Sechs: There's nothing wrong with going nowhere slowly but we should be going nowhere fast
"Ich projizier überhaupt gar nix, ich sublimiere", verteidigte ich mich, "wie ein jeder tut, so Geschichten erzählt."
"Der is mir wurscht, dein Vater Freud", urteilte Gabi mich ab, "jedenfalls warst du im Bus in einer Prügelei und schiebst die Schuld der Allgemeinheit zu, dass du nix dagegen unternommen hast. Feigling wie alle andern."

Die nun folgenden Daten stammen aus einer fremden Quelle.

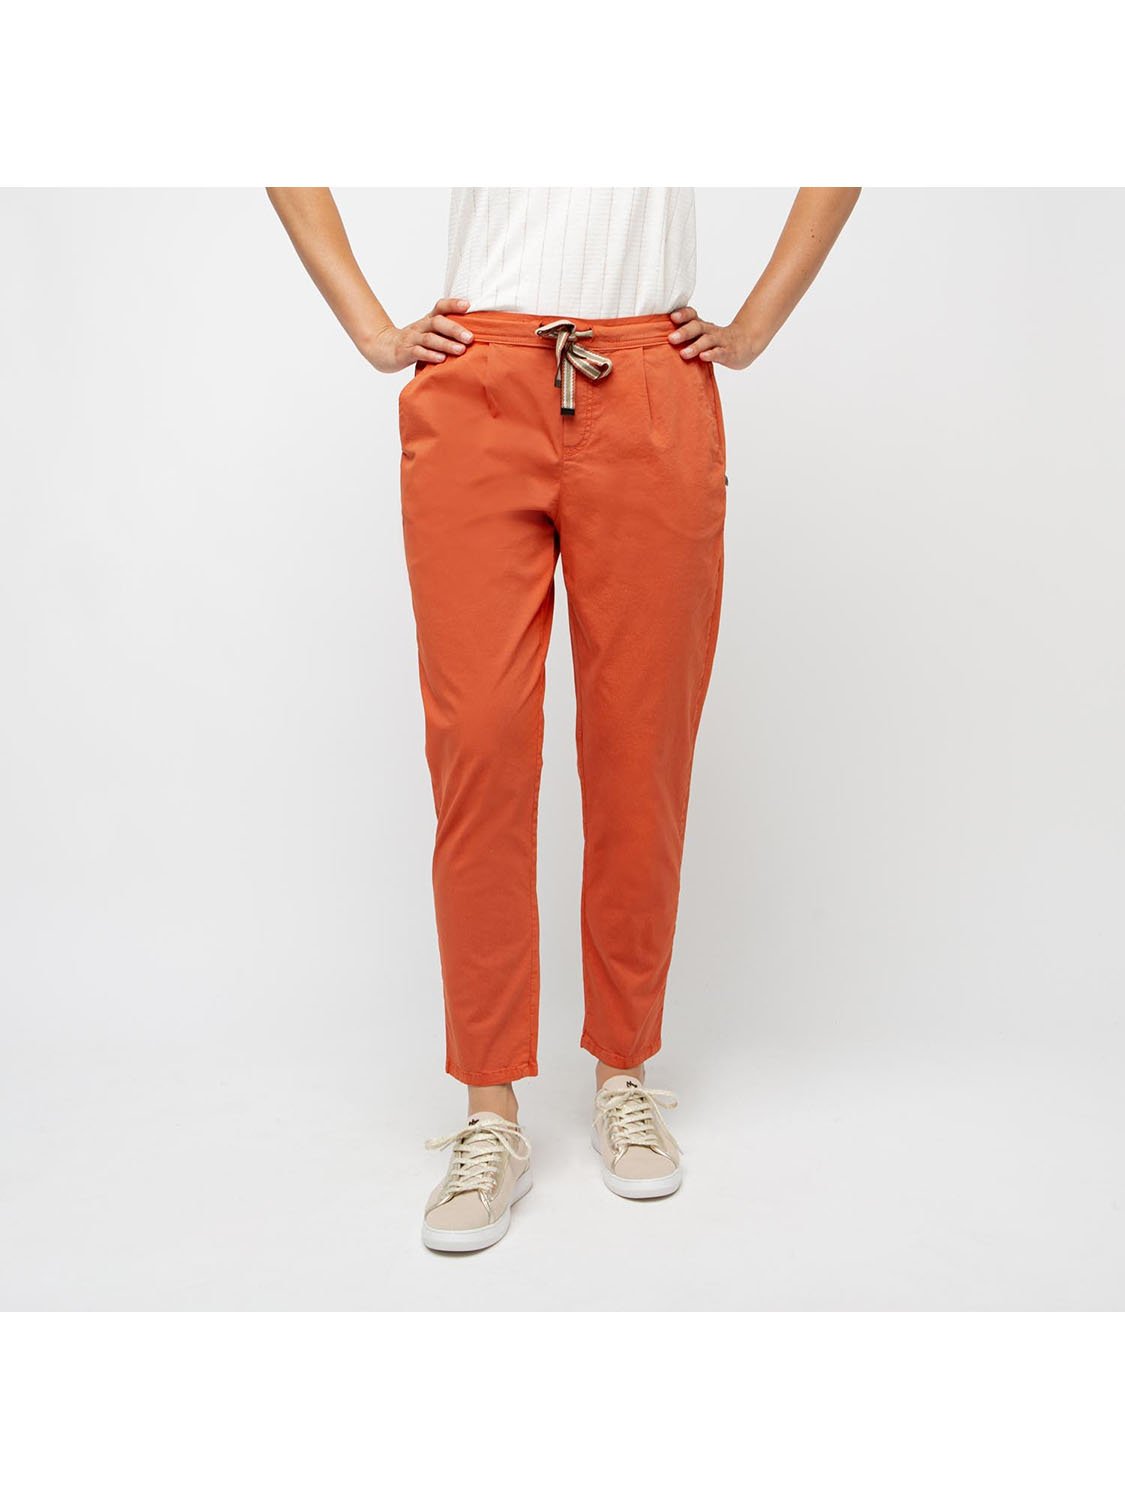 Pantalon Fluide Femme Coton Biologique Orange

Den Feigling hatte ich überhört - "und", zeigefingerte Gabi mich an, "und außerdem hast du's schon wieder mit den Mädels."
"Mädels...?" grübelte ich scheinheilig mein Konzept durch.
"Na deine Azubine da im hellblonden Jogginganzug mit rosa Lippenstift oder so..."
"Mäßig gut aufgepasst!" lobte ich Gabi. "Die war aus dramaturgischen Rücksichten einfach notwendig. Ich brauchte noch einen Taktschlag im Rhythmus..."
"Dramaturgisch! Possen!! Du fängst mal wieder schwach an und lässt stark nach, Burli Burli", strubbelte sie mir in der Frisur, als ob ich eine hätte, "und tut man so Geschichten erzählen, tut man das so?"
Wusste ich nicht. Ich erzählte Geschichten immer so, wie sie sich mir auf die Leber legten. Das wollte ich Gabi auseinandersetzen, stattdessen knurrte ich nur knapp, teils wohlig vom Strubbeln. So brillant wie sie selbst in ihren weniger hellen Augenblicken argumentieren kann: Koketterie wird sie nie kapieren.
"Eben, Bursch", fuhr sie deshalb fort. "Und bei deiner ganzen Darstellung vom ach so normalen Arbeitsvolk sind mir deine Typen zuwenig dreidimensional. Deine Figuren bleiben halt immer bloß Figuren, die haben kein Leben. Das Spanferkel! Der Rote! Der Junge! Der junge Bursch! Deine Buben haben grade soviel Geschichte wie merkbare Namen! Wen sollen die interessieren?"
"Dich zet Be, wenn ich dir's schon erzähl?" überlegte ich, jetzt sogar ernsthaft, "oder gar mich?"
Sieben: Die Frauen bleiben bloßes Zubehör ohne Funktion für die Handlung
"Jaah. Dich. Weil du's erlebt hast. Hast du wahrscheinlich noch nicht mal, so wie du's erzählst. Oder mich. Toll. Sag ich doch, dass du saumäßig projizierst. Dafür fehlt mir aber der soziale Bezug. 'Mein Besinnungsaufsatz: Als ich einmal zur Arbeit fuhr' oder was. Untertitel: 'Mein schönstes Semesterferienerlebnis'! Schreib lieber mal was über die Arbeitslosigkeit, du Fabeltier."
Und dieses gönnerhafte Tätscheln konnte ich genaugenommen auf den Tod nicht leiden.
Acht
Ich seufzte und spitzte meinen dunkelgrünen Faber Castell Stärke HB unnötigerweise gleich nochmal.